Si chiude per sempre il caso della strage di via Caravaggio, che nel 1975 sconvolse Napoli.
Il pm Luigi Santulli ha chiesto al gip l’archiviazione del caso che, quarant’anni dopo, non ha un colpevole. La vicenda risale al 31 ottobre 1975, in un appartamento di via Caravaggio 78, dove un intera famiglia venne sterminata. Furono ritrovati i corpi senza vita, sgozzati, di: Domenico Santangelo, della sua seconda moglie Gemma Cenname e della figlia di primo letto dell’uomo, la ventenne Angela. I cadaveri dei due coniugi erano nella vasca da bagno, sotto di loro anche il cagnolino Dick ucciso.
La Procura ha chiesto l’archiviazione del fascicolo. Il caso ha appassionato la città per anni, con una serie di mutamenti improvvisi relativi alla vicenda. Per il triplice omicidio, infatti, il 9 maggio 1978 fu condannato in primo grado Domenico Zarrelli, nipote di Gemma Cenname.
Il 6 marzo 1981, tuttavia, la Corte d’assise d’appello ribaltò il verdetto e assolse l’imputato. Il 18 ottobre 1982 la Cassazione annullò questa seconda sentenza e dispose un nuovo processo davanti alla Corte d’assise d’appello di Potenza, che il 9 gennaio 1984 assolse nuovamente Zarrelli. Il 18 marzo 1985 la Cassazione confermò definitivamente questa sentenza.
Zarrelli ottenne, inoltre, un risarcimento per ingiusta detenzione. Alla luce della sentenza della Cassazione, non sarebbe comunque stato possibile avviare nuove indagini sul suo conto, in base al principio del ne bis in idem. Il caso è stato riaperto negli anni scorsi dalla polizia, che sulla base delle nuove tecniche scientifiche di investigazione prova a cercare, anche dopo molti anni, i responsabili di delitti insoluti.

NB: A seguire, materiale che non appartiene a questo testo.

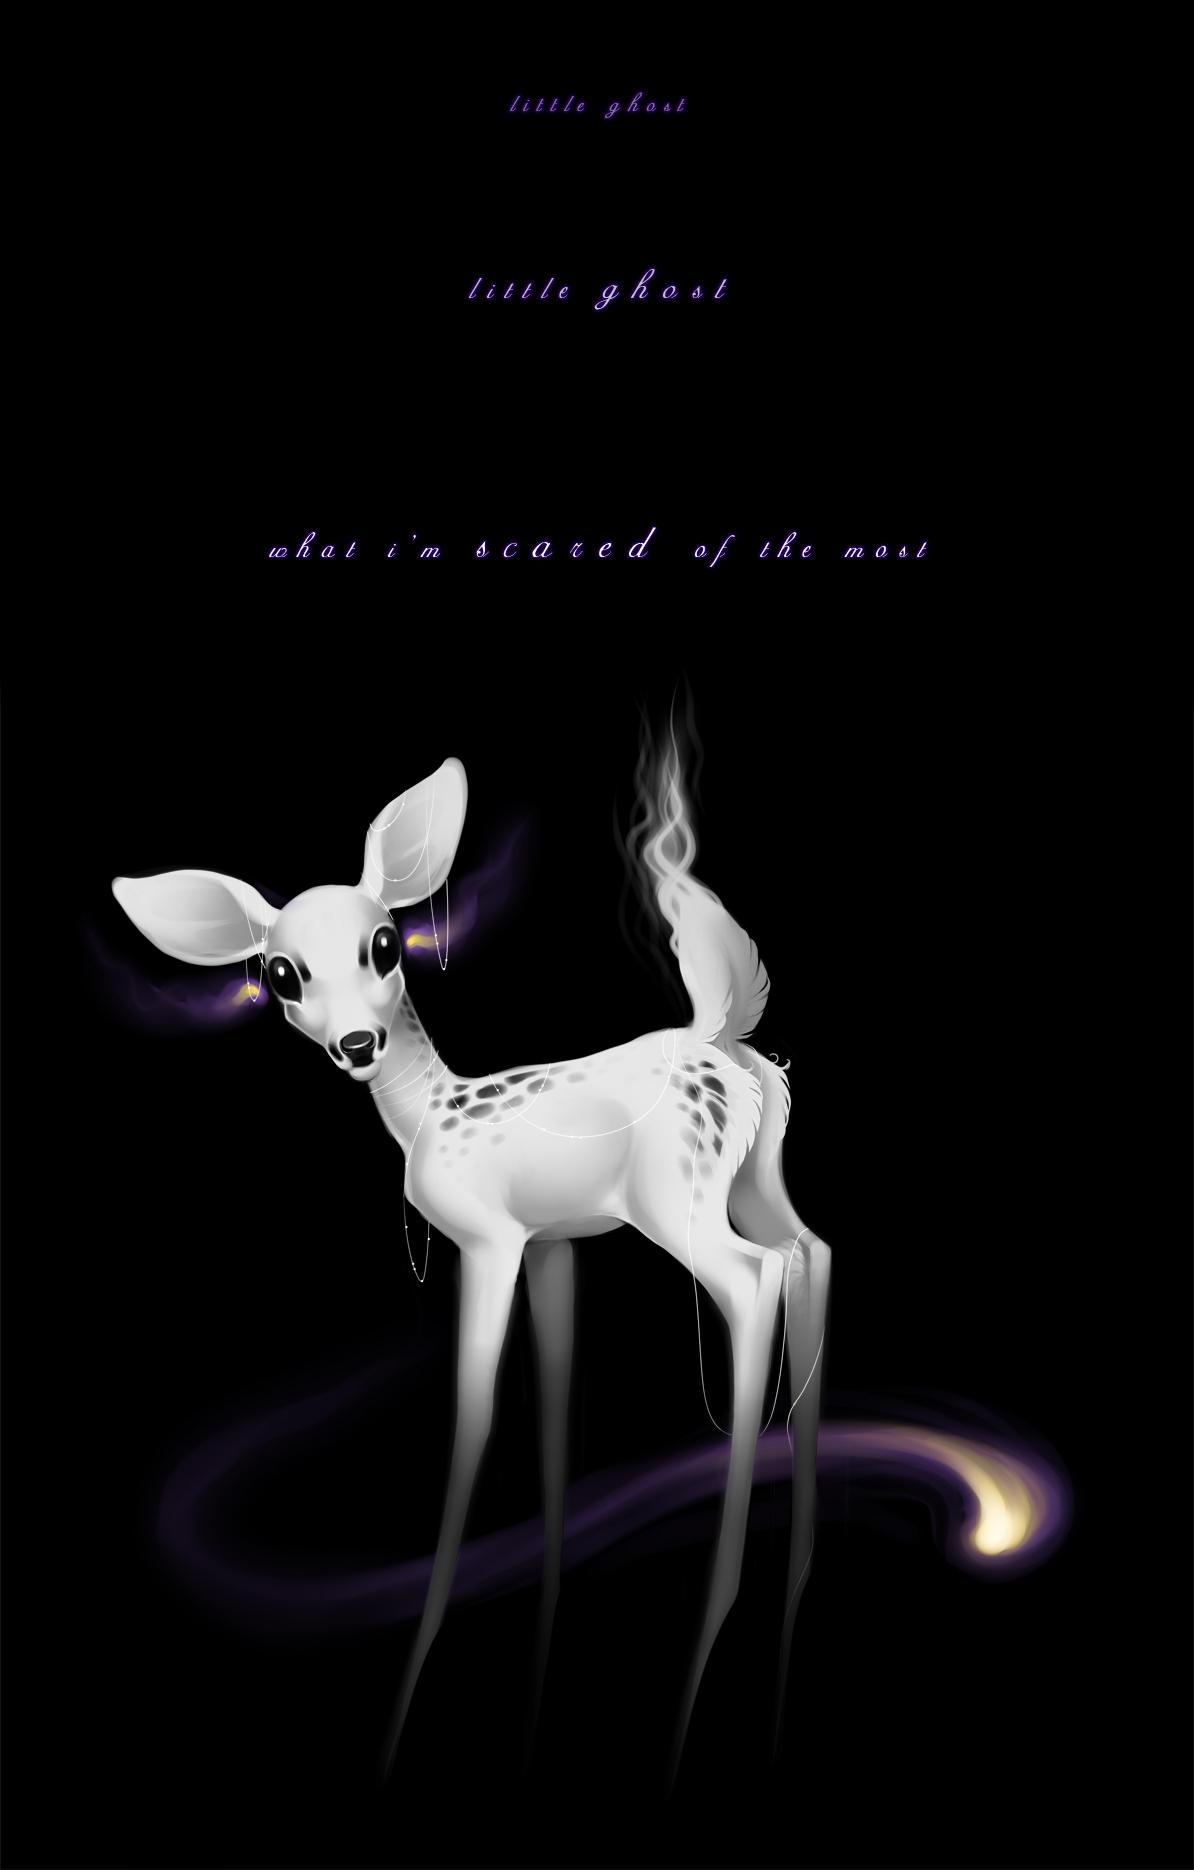 Little Ghost by Shadowwolf
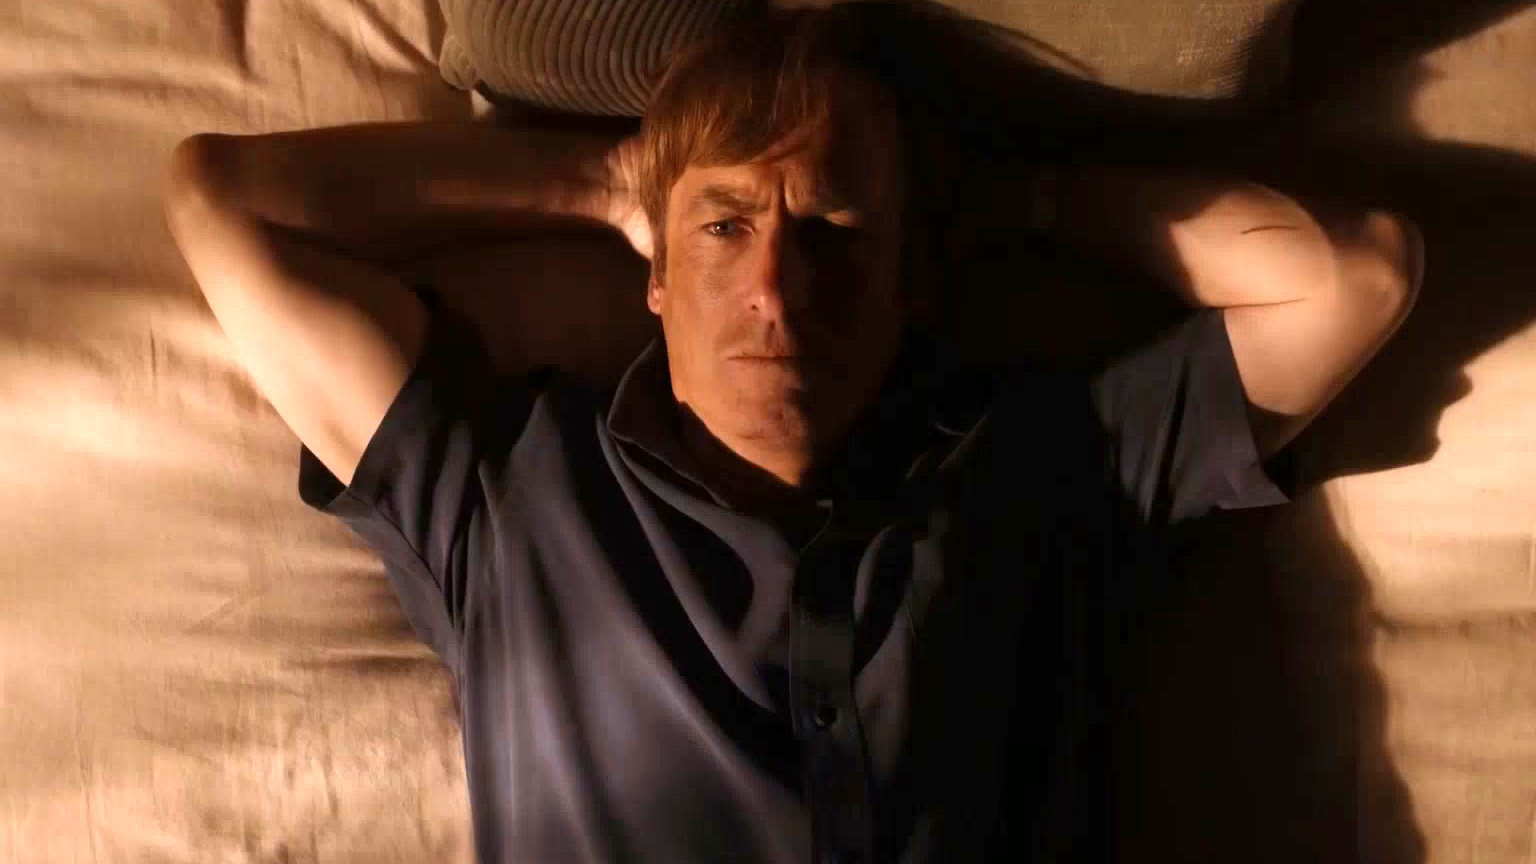 Better Call Saul: Something Unforgivable

Alcuni oggetti trovati nell’appartamento del massacro, in via Caravaggio al Vomero, erano in buono stato di conservazione, in particolare alcuni mozziconi di sigaretta e uno strofinaccio da cucina intriso di sangue. Dall’esame dei reperti “sono stati estratti, tra gli altri – si legge nella richiesta di archiviazione firmata dal pm Luigi Santulli – i profili genetici (tracce Dna) apparsi compatibili con quelli dell’originario imputato Domenico Zarrelli”. Che, peraltro, frequentava quella casa, come anche altre persone sospettate dell’omicidio, e quindi la presenza del suo Dna è del tutto normale”. “In definitiva – scrive il pm – neanche dalle moderne tecniche investigative, del tutto ignote all’epoca del gravissimo fatto di sangue, sono emersi elementi idonei ad attribuire l’efferato delitto in esame a soggetto noto”.